On group cost, first steps being made to streamline operations with the combination of the 3 brands operating on pandora tech stack
Not expected to be hugely material in itself (est ~€20m), but important evidence that rationality is prevailing and the business continues its pivot toward profitability
Meanwhile the classic bear arguments against DHER are easily debunked
Profitability is kicking in here and now, this is no longer a loss making business with heroic assumptions required on future profits to cover its debt stack
This is a collection of verified, dominant food delivery platforms globally with measurable GMV – this is not a fraudulent business
The balance sheet is not putting the business at risk: recent refi means no further refinancings needed until 2028 at the very earliest, and the debt markets have been very happy to fund this business regardless – this will only improve in the future as the profits inflect
In light of the above, DHER’s price makes little sense
Any sensible multiple on FY25 EBITDA or SOTP approach gets to well north of 100% upside vs today’s decimated share price
Even with significant impairment to their competitive position in core markets, hard to justify much fundamental downside to the current price (as the ‘market implied’ SOTP demonstrates)
Worth noting as well that the presence of a motivated activist means the SOTP may not be theoretical: if push comes to shove and the market fails to recognise DHER’s fair value, the option is available to monetise key assets, much as they have done in Taiwan
My expectation is that as we progress through this year and FY24 €750m EBITDA becomes progressively de-risked, the market will be forced to rerate the stock as the true earnings power moves from fiction to reality quarter by quarter
Needless to say, how the Korean and Middle East situations evolve will also impact sentiment – continued stabilisation and a clearer view on how the dust will settle in Korea post Baemin’s transition to paid subscription model in September should bring clarity and reduce uncertainty, soothing market nerves
Founded in 2008 in Berlin, Delivery Hero has grown, entirely through acquisition, to become a globally leading food delivery platform and quick commerce (grocery delivery) business
The business operates ~13 key brands (none of which are ‘Delivery Hero’ after the German business was sold in 2018)

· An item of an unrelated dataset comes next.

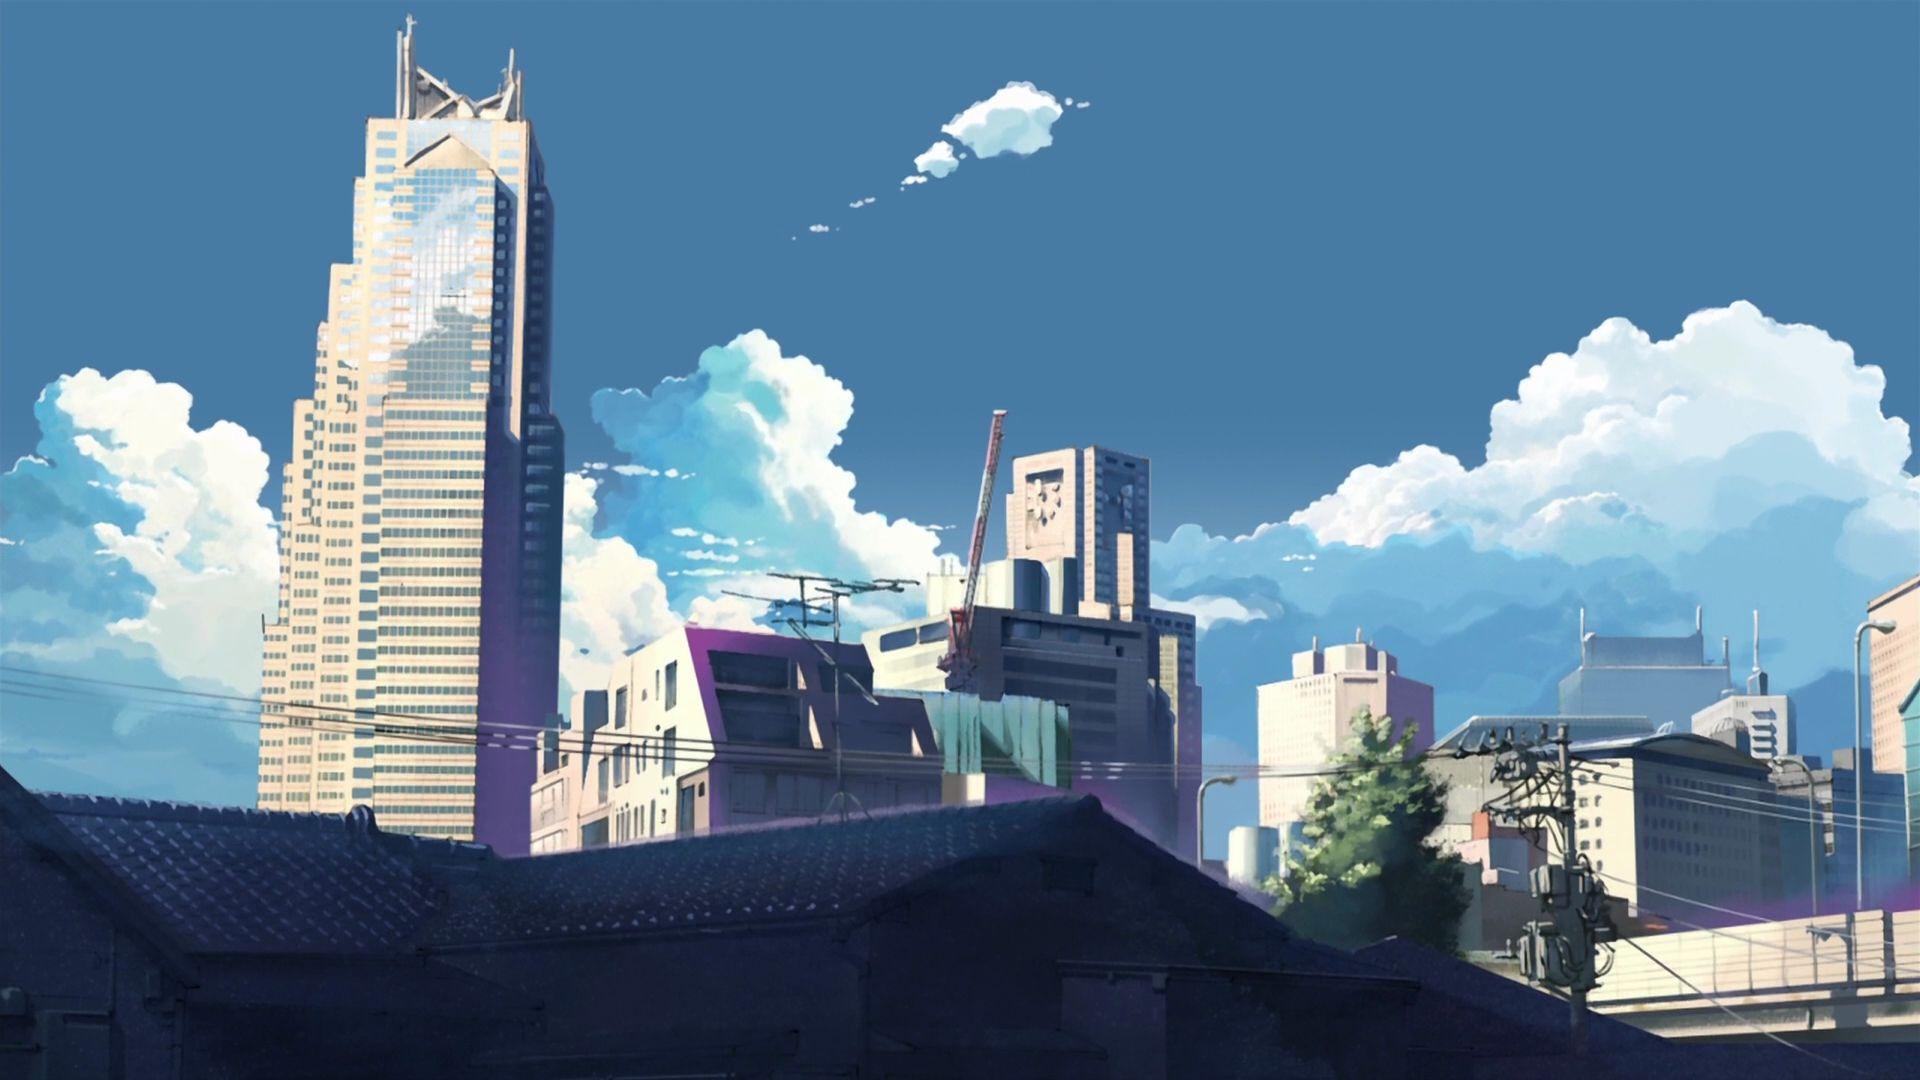 6 hours ago wallpapercave.com more. Anime Aesthetic Retro Desktop Wallpapers - Wallpaper Cave

The brands operate separately, but share some core tech and platform logistics
The brands are typically market leaders
As of 4Q23, the group held #1 leadership positions in >90% of its markets, weighted by GMV
Geographic exposure
~40% of the business GMV is concentrated in S Korea, where Delivery Hero (through the ‘Woowa brothers / Baemin’ brand) has ~70% share of the market
The rest of the business is much more fragmented, with higher exposure to the MENA region, and no presence in the US or UK
Key financials
Sachem Head involvement
Sachem Head founder and CIO Scott Ferguson joined DHER’s board in June 2024
About Sachem Head
Concentrated activism fund, founded in 2012 as a spin out of Pershing Square, where Scott had previously worked for 9 years
Track record: best in class
I can’t find formal long term track record online
What I have done is pulled into excel all the stored activist campaigns that BBG has recorded on the terminal (earliest is 2007)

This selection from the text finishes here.